So, I can do without flying cars, thank you. No, what I'd like to see is sane and rational leaders ushering in those SFnal visions of world peace, an end to poverty and disease, inequality. That's a future I'm still waiting for, one that's still worth believing in and writing about. So I find myself both in agreement and taking issue with this article in the Guardian by Damien G Walter, "Science Fiction Doesn't Have to Be Gloomy, Does it?" But certainly I'm onboard with this sentiment: "The best science fiction, as with all great art, doesn't just reflect the world but seeks to influence it."
Update: Kathryn Cramer's "Gloom & Wartime SF: A reponse to Damien Walter" is worth checking out. "...what I would substitute for 'influence,' as a goal, is that writers provide us with perceptual tools with which to understand the world, the future, and what is to be done. I view science fiction partly as a set of perceptual tools we take with us into the world. I don’t think SF can be held responsible for finding solutions to all the world’s problems, but I think it is SF’s task to help us understand them."
Update 9/26/08: Jetsie de Vries alerts us to his lengthy response to Kathryn Cramer. He takes issue specifically with her comments about SF's scope of influence, and says, "Now shoot me, but I like to think SF that's really audacious, gutsy and forward-looking dares to make predictions against the flavour of the month. Dares to make totally unexpected predictions, and -- in the process -- dares to be wrong: but nevertheless inspires others to carry the torch of progress. Depicting a world like today that's going down the drain is easy: people love to complain, and blame the world's problems on someone else. Depicting -- convincingly -- a world that changes -- even if marginally -- for the better, is much more difficult, for an SF writer."
In callng out SF's obligation to be audacious, to act as if it can change the world, whether or not that notion is realistic, he reminds me of one of my favorite quotes of all time:
The reasonable man adapts himself to the world; the unreasonable one persists in trying to adapt the world to himself. Therefore all progress depends on the unreasonable man.
--George Bernard Shaw, Maxims for Revolutionists
8 comments:
On the subject of the relative desirability of flying cars and Skype, I had an exchange with Ben Rosenbaum that you might find interesting; it's in the comments to his blog entry Jetpack or IM.

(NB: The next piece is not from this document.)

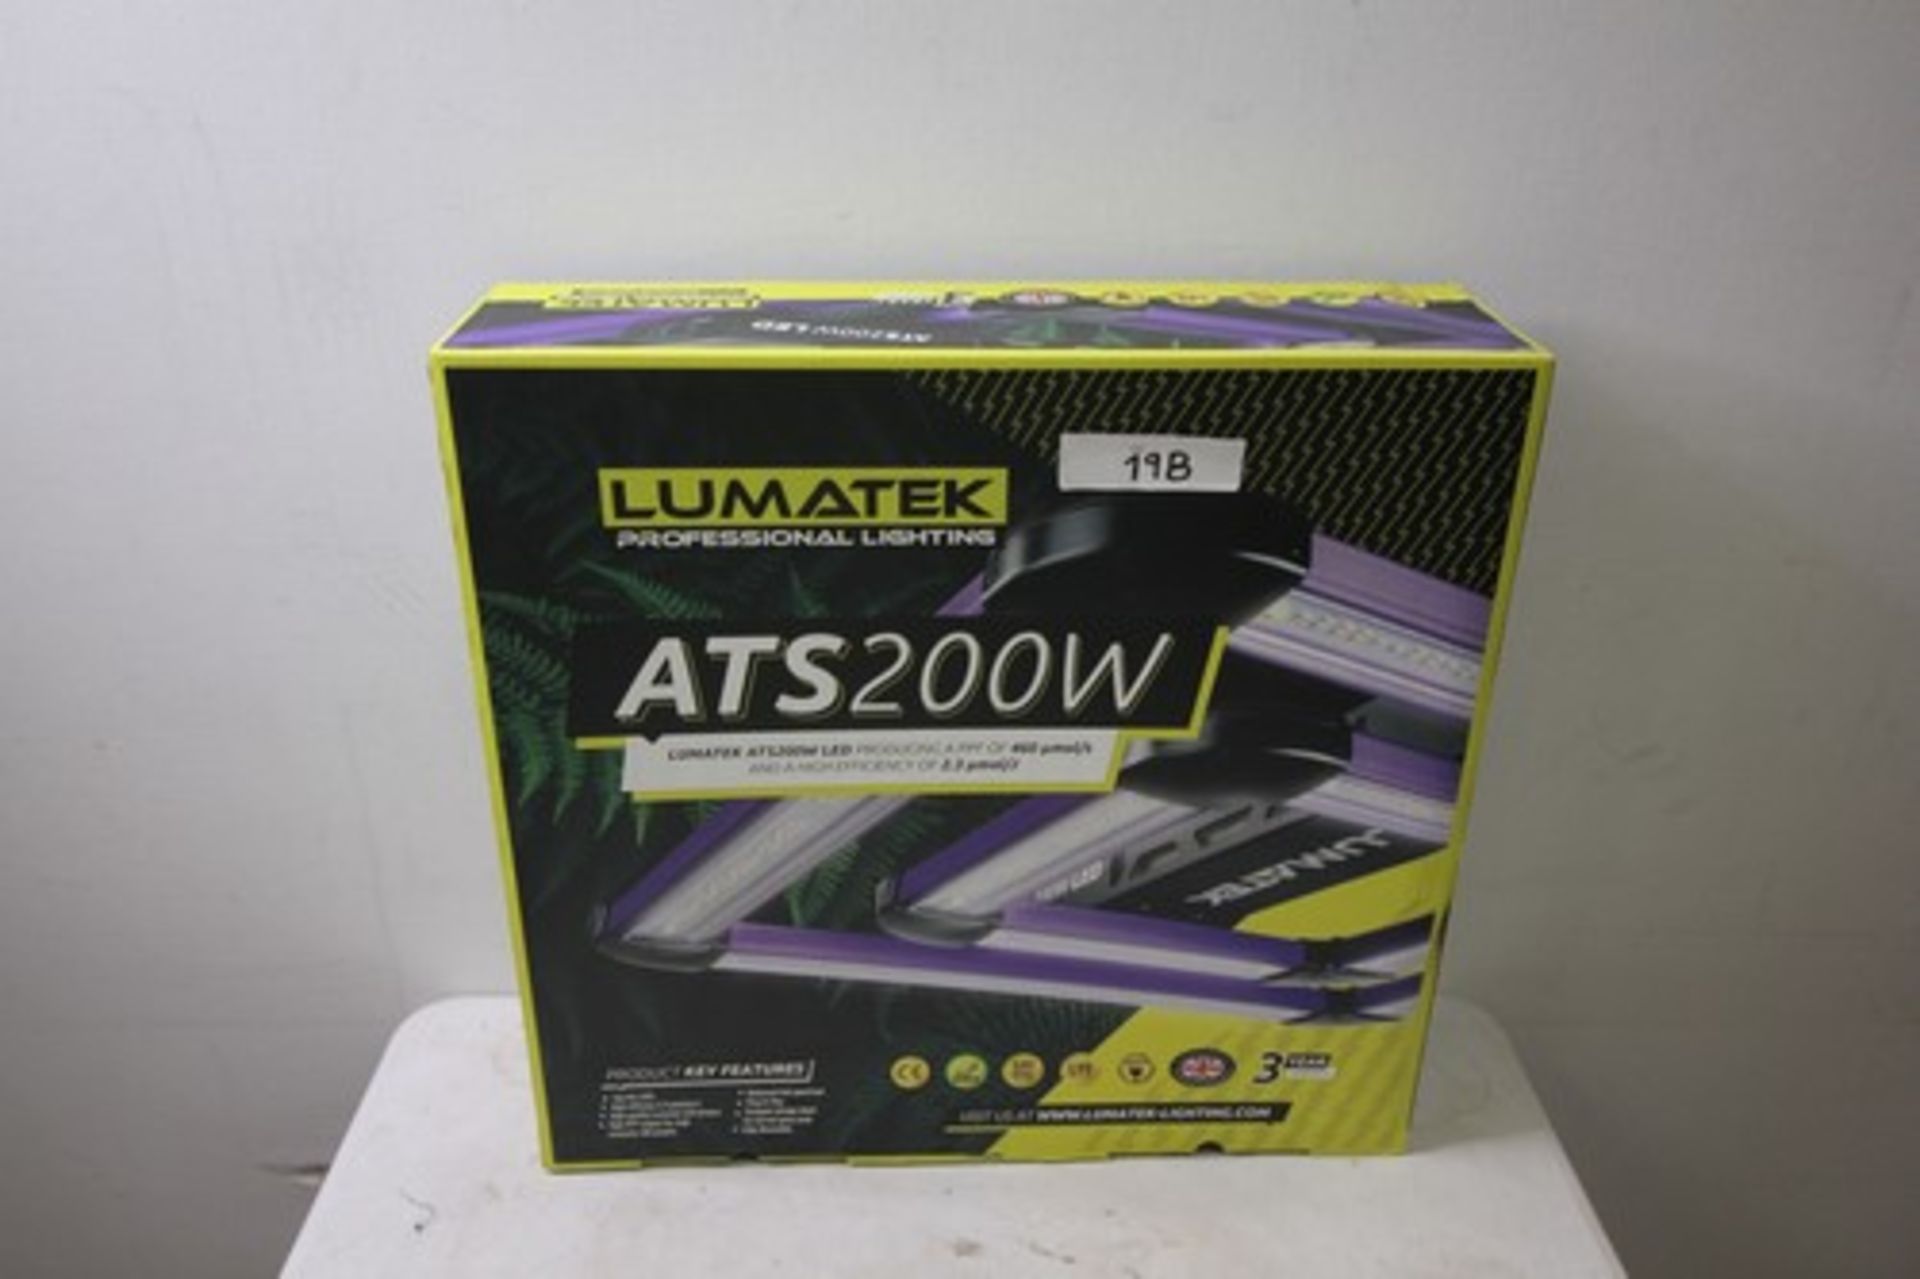 1 x Lumatek high quality LED horticultural lighting, model ATS2000 - New in box (ES1)

Walter's argument falls flat in the first paragraph: "It's at times like these that people seek escape in the pages of popular fiction."
Bingo. I am also tired of people who are sure we read for escapism. Escapism for me is American Idol.
My take on this is
here.
(Actually, Damien Walter posted on this first on
September 4, after a certain event.)
Well said.
Flying cars sound pretty scary to me, especially when you imagine all those people flying around talking on cell phones. The technological wonders we do have go way beyond anything I imagined while I was watching The Jetsons and Star Trek as a kid.
Exactly. I'll take the ability to regrow a defective heart over a flying car any day.
Everything is controlled from the motorcycle-like handle bar. Push it forward and the two counter-rotating blades pivot forward. Push it back and it goes back. Norris says you won’t need a pilot’s license if you fly it under 400 feet in non-restricted air space. And he’s going to sell.